Ante la problemática, el Gobierno nacional no ha podido contener la enfermedad, aunque desde 2020 se registra una baja en los casos: para ese año la OMS contabilizó 231.743 casos de malaria y en 2021 147.113 a nivel nacional, con casi el 60% de estos se produjeron en el estado Bolívar (Souquett, 2022). En todo caso, para 2021 Venezuela seguía registrando la mayor cantidad de infecciones en las Américas, estimándose en más de 30% del total regional (Clisánchez, 2022).
Por un lado, la dispersión de la malaria se ha convertido en secreto de Estado. Desde 2015, el Gobierno Nacional no ha publicado reportes epidemiológicos y niega la crisis (Casey, 2016). Por otro lado, el ingreso de ayuda humanitaria se ha visto afectado por polémicas relacionadas a disputas geopolíticas, lo cual ha generado poca disposición del Gobierno a recibirla. La precaria situación de derechos humanos que enmarca la situación venezolana, las sanciones estadounidenses y la profunda crisis económica que vive el país, contribuyen al mantenimiento de la crítica situación.

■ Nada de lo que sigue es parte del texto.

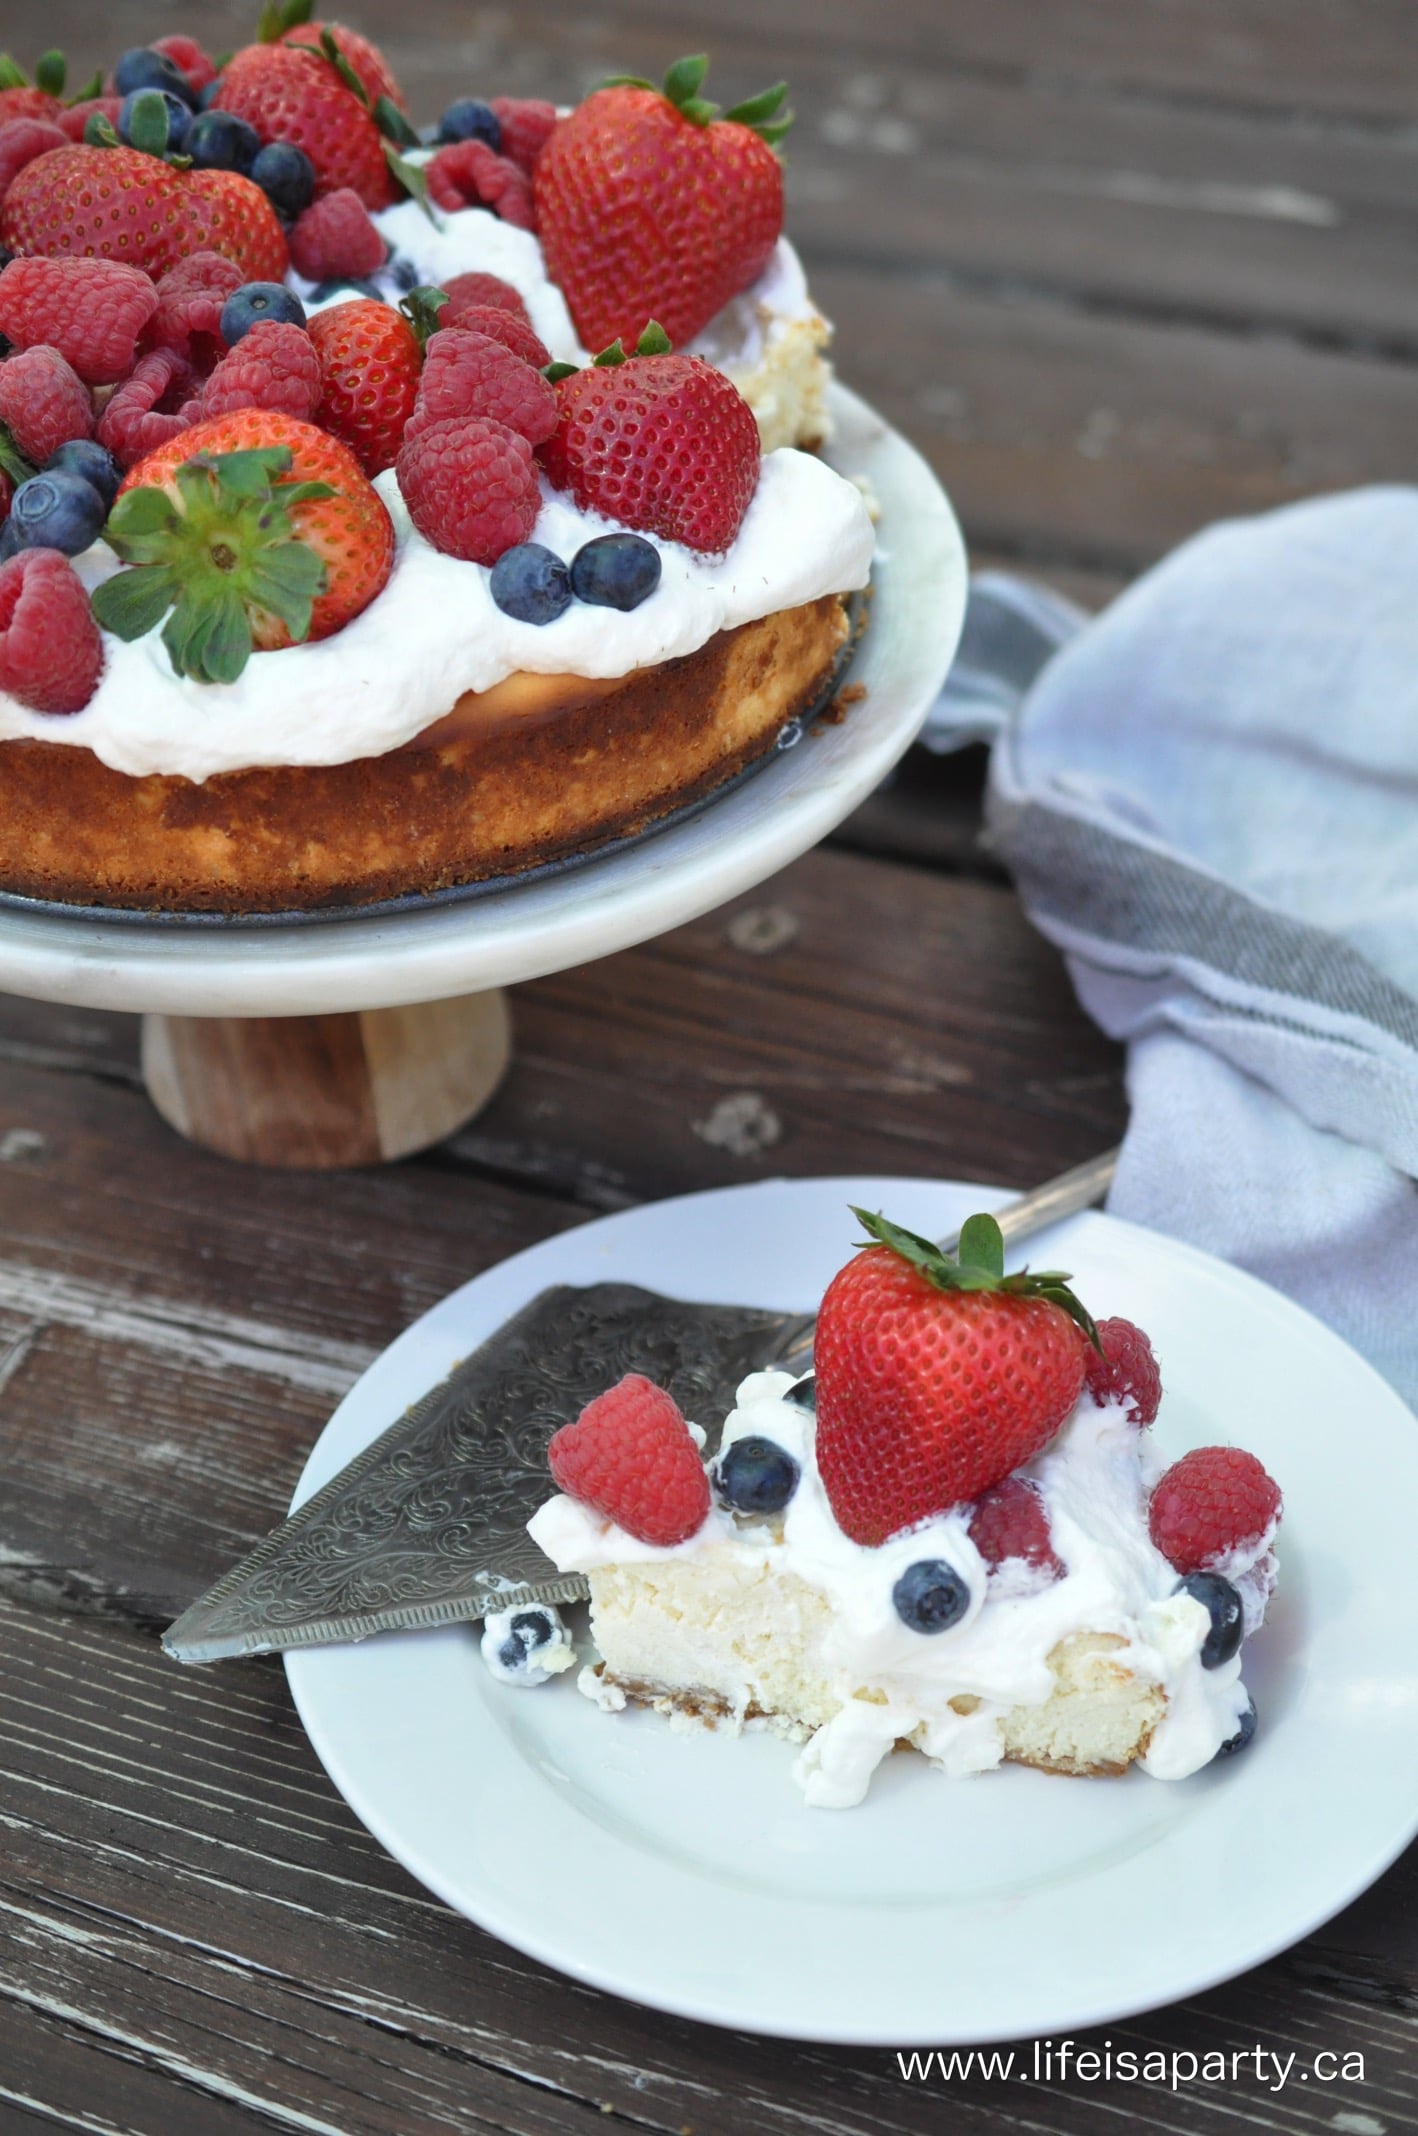 Classic Cheesecake recipe with fresh berries

A su vez, ante las dificultades para la instalación de proyectos formales en el Arco Minero del Orinoco, el Gobierno de Nicolás Maduro ha buscado captar el oro extraído de la minería informal/ilegal, lo que potencia la actividad y el propio fenómeno de la malaria. El conflicto se agrava por la presencia de grupos irregulares que controlan dichos procesos de extracción y comercialización, en aparente alianza con miembros del Ejército y Guardia Nacional Bolivariana, quienes se encargarían de mantener el control de los recursos basado en la violencia, a la vez que desvían la mayor parte del oro hacia el mercado negro internacional. Hasta el momento la escasa articulación entre los sectores críticos de la salud y quienes se han movilizado contra la minería y sus impactos, ha debilitado las acciones en torno a un problema multifactorial cuyo centro se encuentra en el impulso oficial de la minería en cualquiera de sus expresiones en la Región Guayana.